# Have Canadian Citizenship but live in UK - looking for adventure!



## SecondGenCanuck (Jun 10, 2009)

Hi all,

I'm half-Canadian and have held Canadian citizenship since birth but I have never lived there - I know I won't need a visa or similar to move there long-term (other than applying for SIN). Would this be problematic with regards to employment? I have just completed my undergraduate studies and embarking on the dire job market here in the UK (needless to say, I am not holding out much hope!). 

I hope to travel around Canada first, but would appreciate it if anyone could advise me on how to get some temping work when my CAN$ run dry! Would it perhaps be better to bide my time and try to get some more experience under my belt here (I'm applying for basic admin/clerical jobs, also targeting the museum/heritage/third sector) to add to my resume to better my chances?

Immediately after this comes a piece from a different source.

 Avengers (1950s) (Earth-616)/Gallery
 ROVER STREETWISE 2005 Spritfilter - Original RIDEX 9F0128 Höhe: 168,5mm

On a side note, I have family in and around Toronto (mainly St Catharines) so will probably wash up there first; however, last time I visited I loved Vancouver and would love to spend more time there. Any opinions? 
I'm going on vacation to PEI and then Toronto this August for a couple of weeks with my younger brother and Mom (the real Canuck!) - any advice on doing a little research while I'm there re: employment/residency etc? Cannot wait to get down to Tim Horton's though - priorities!

Any advice/opinions would be greatly appreciated, sorry if this was all a little muddled! 

Thanks,

Eliza


----------